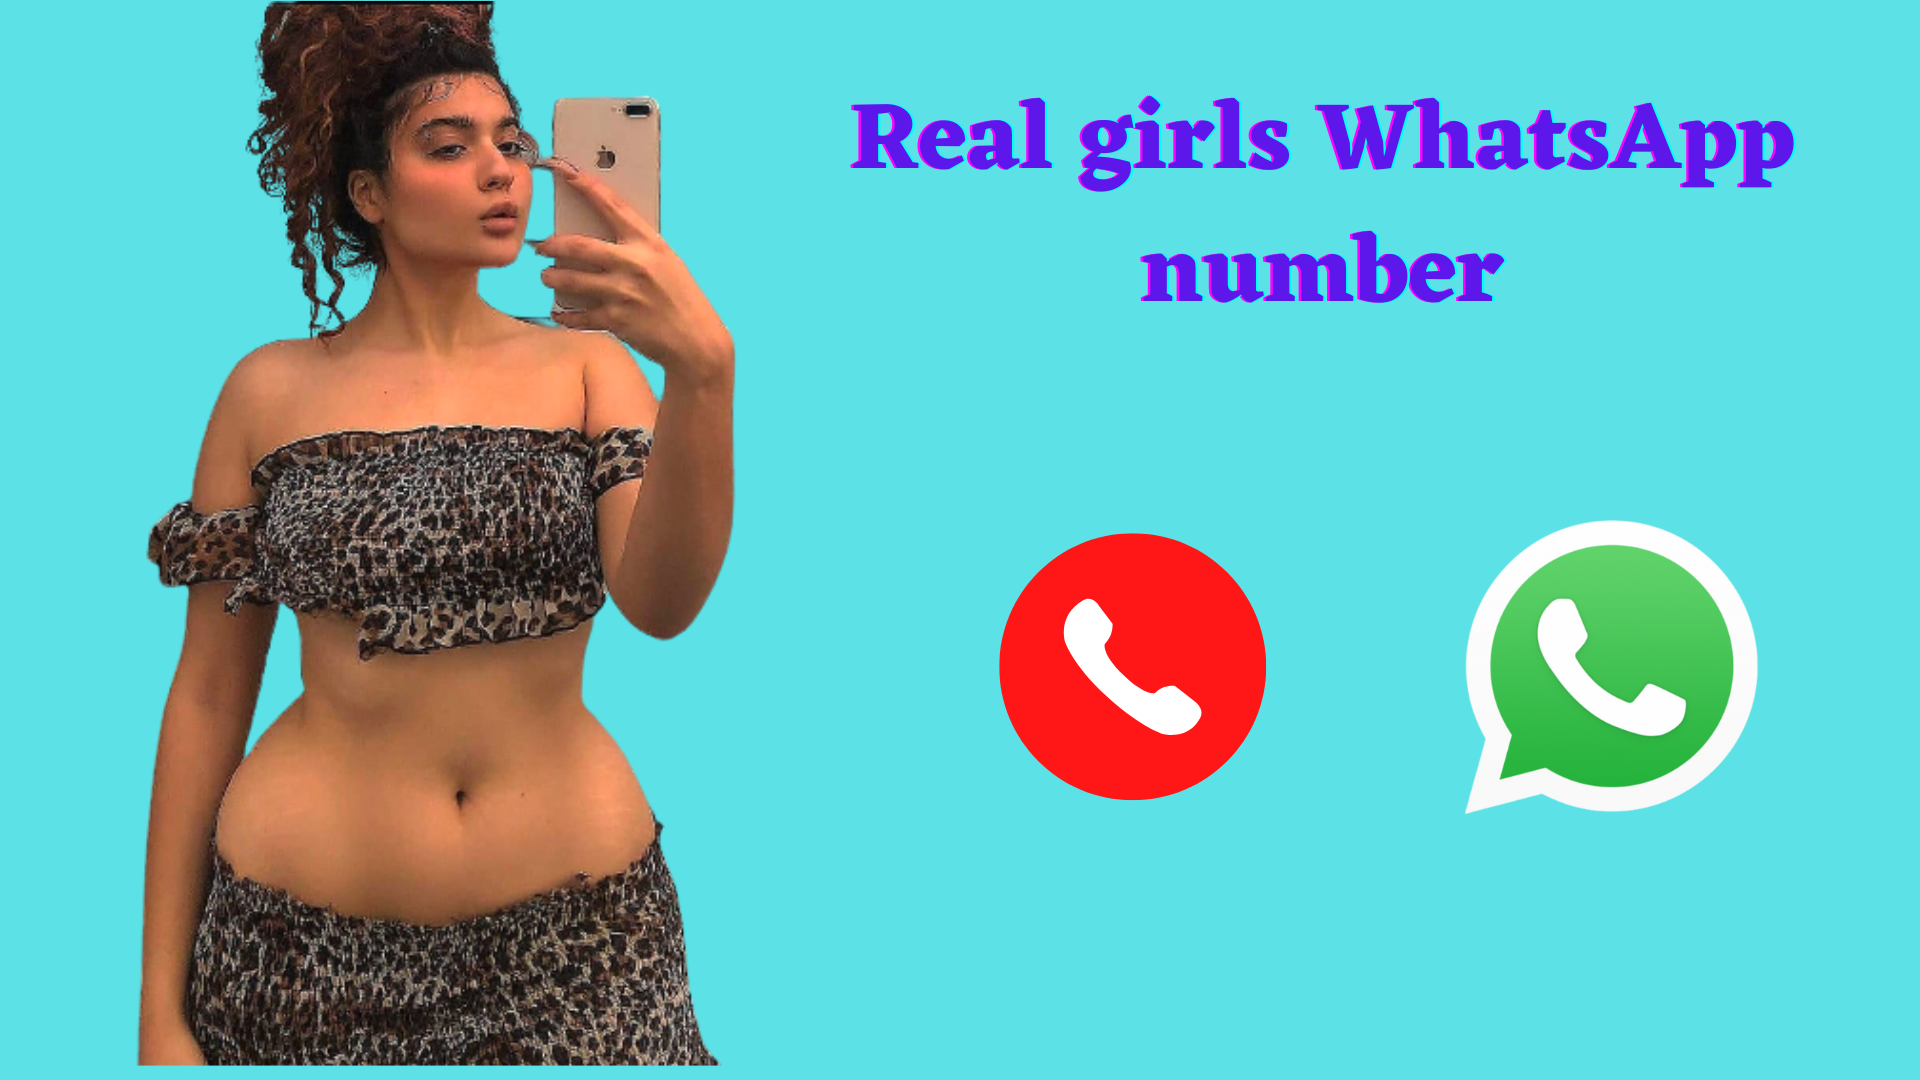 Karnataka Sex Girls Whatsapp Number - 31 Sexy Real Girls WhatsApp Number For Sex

* * *

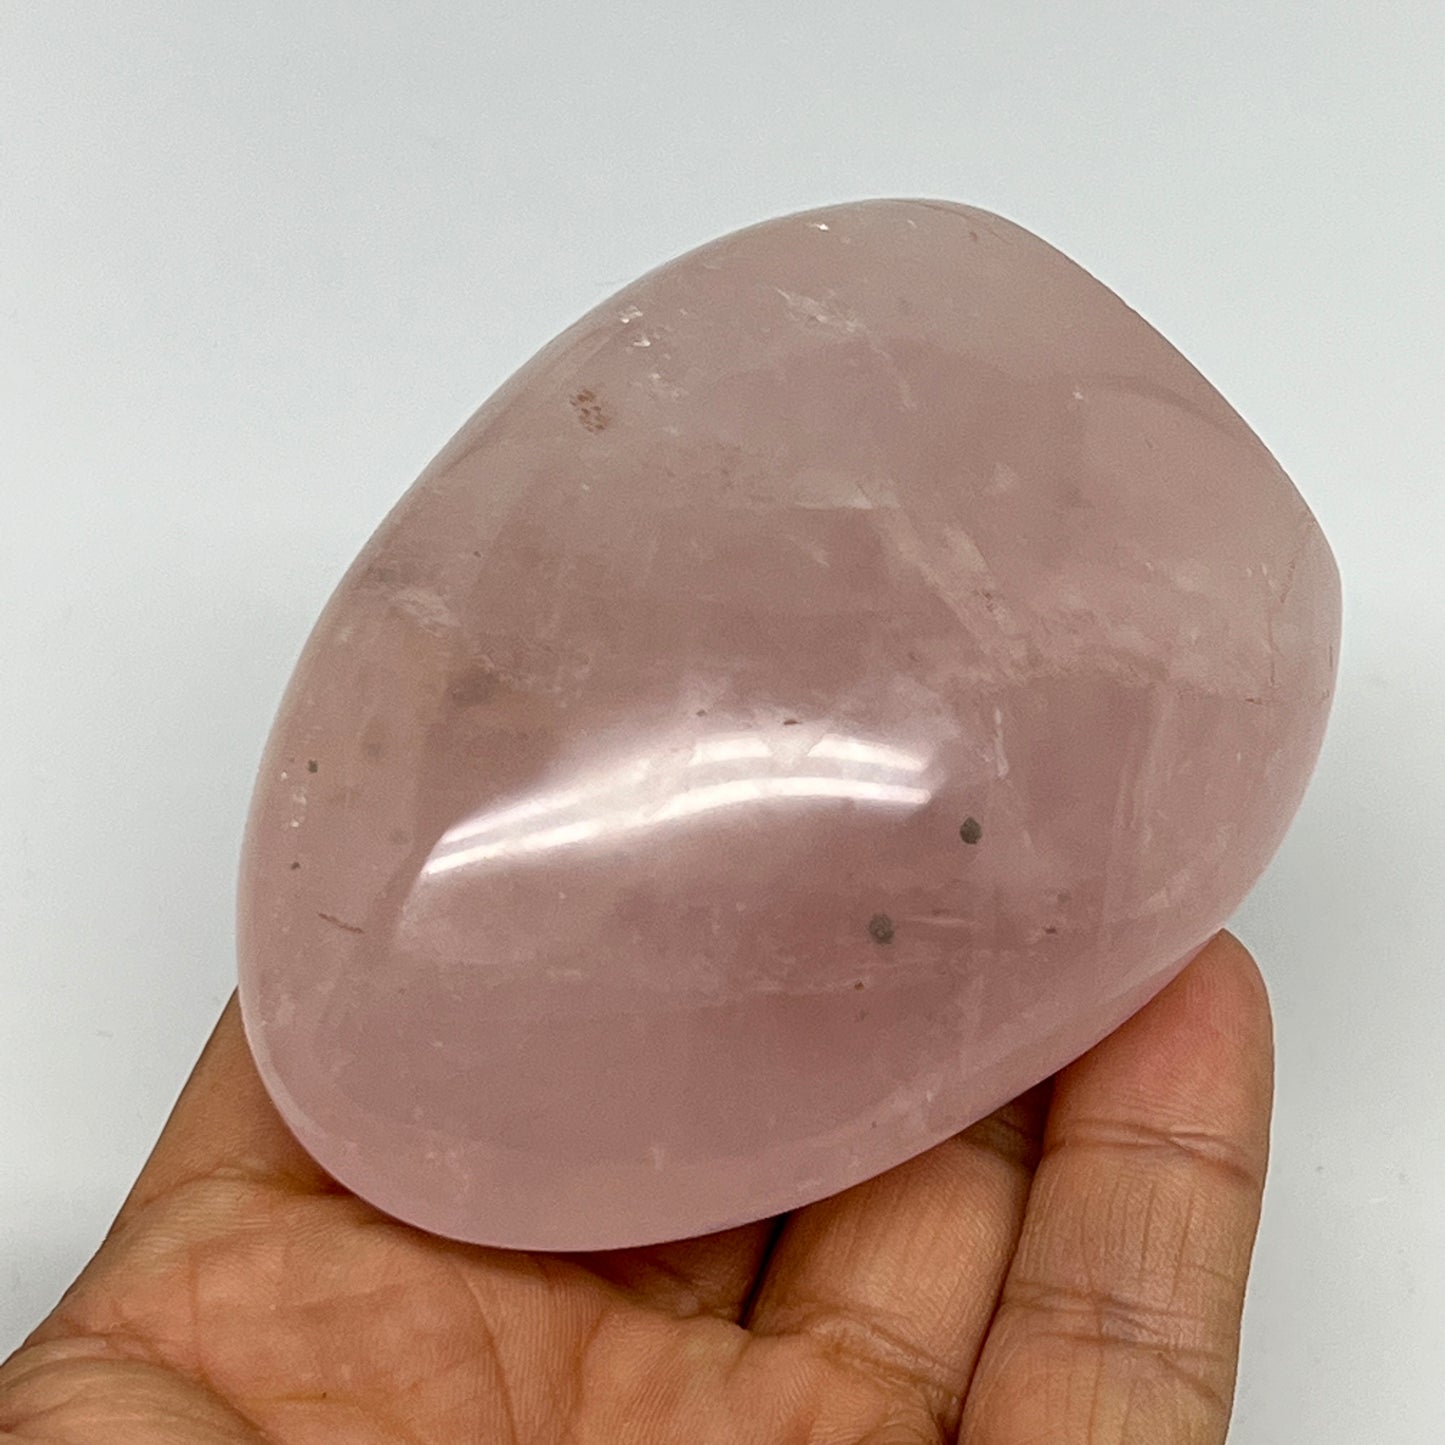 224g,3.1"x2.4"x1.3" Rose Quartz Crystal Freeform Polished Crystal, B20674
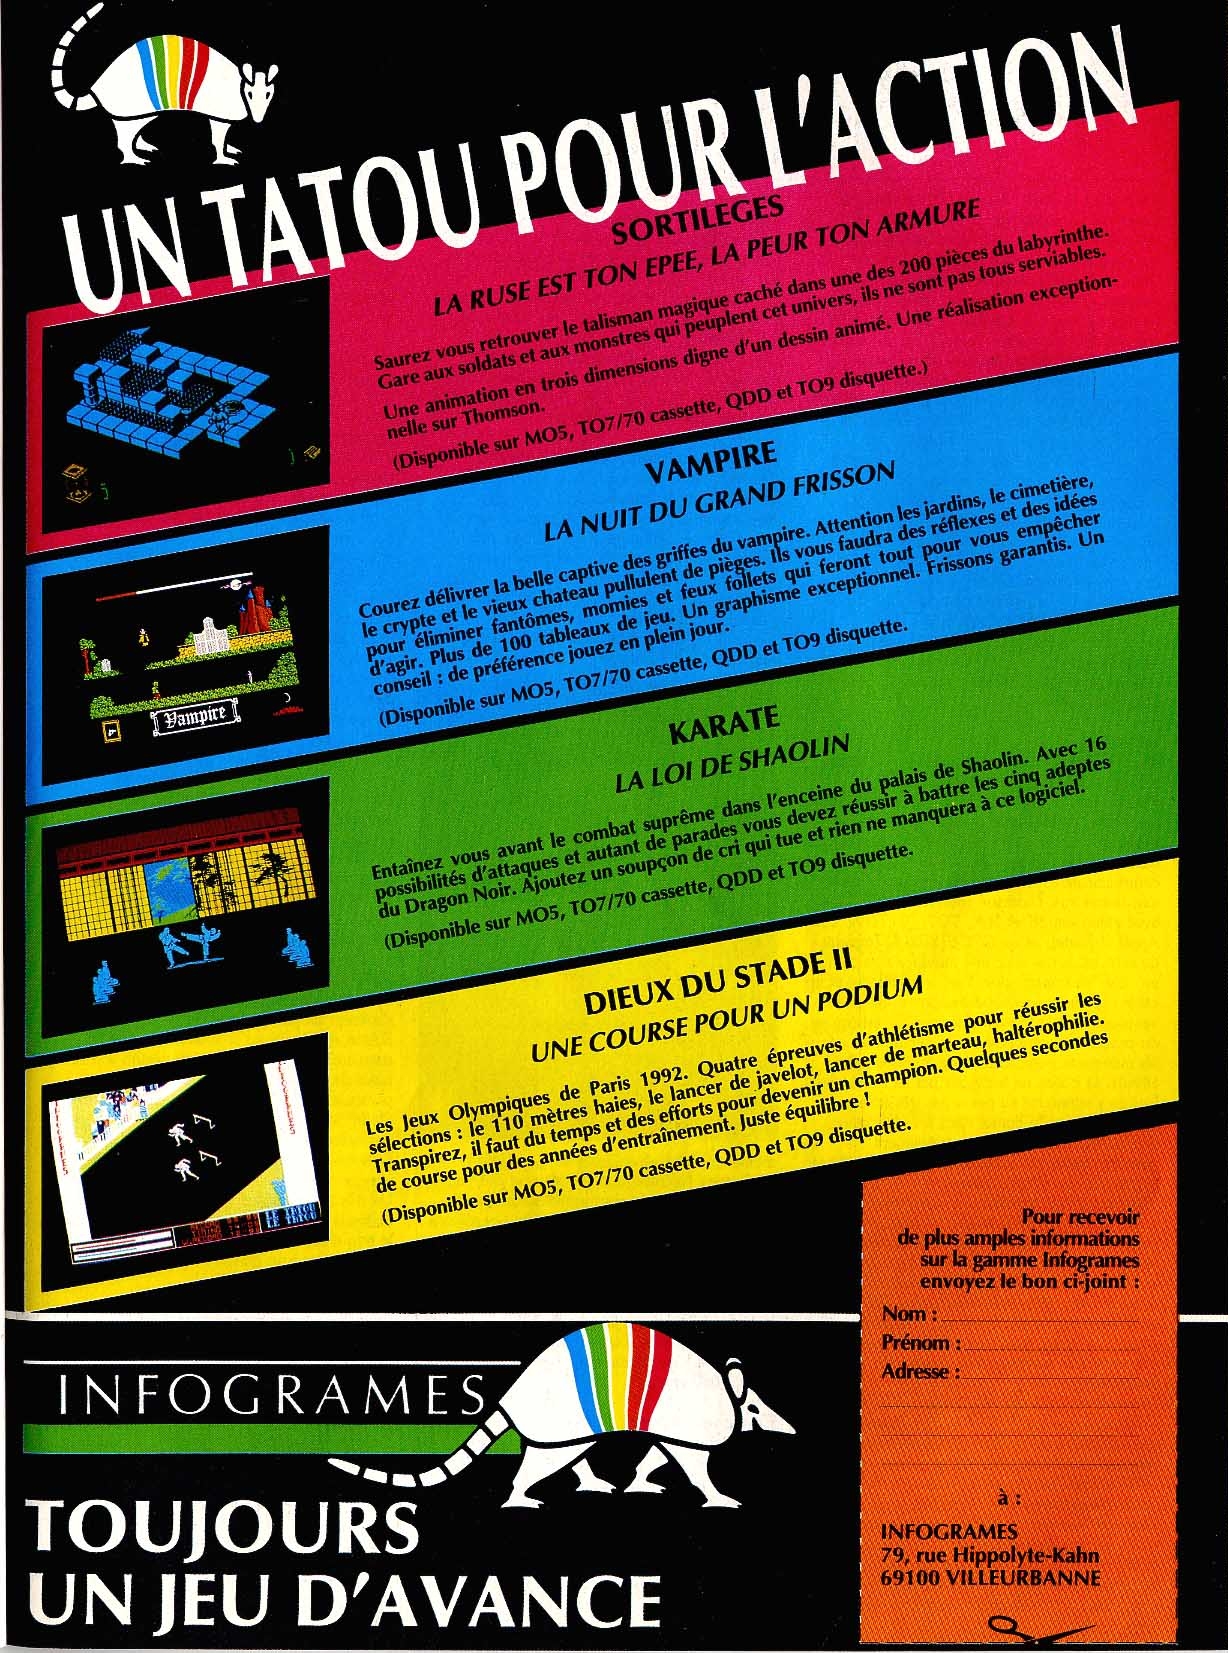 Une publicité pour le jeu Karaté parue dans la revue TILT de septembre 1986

• TASK DETAILS: Repeat, without pictures, exactly the lines of the data above from the one containing "Polished Crystal, B20674" through the one containing "Une publicité pour", including both and adding nothing.

• OUTPUT OF THE EXERCISE:
 224g,3.1"x2.4"x1.3" Rose Quartz Crystal Freeform Polished Crystal, B20674
 Une publicité pour le jeu Karaté parue dans la revue TILT de septembre 1986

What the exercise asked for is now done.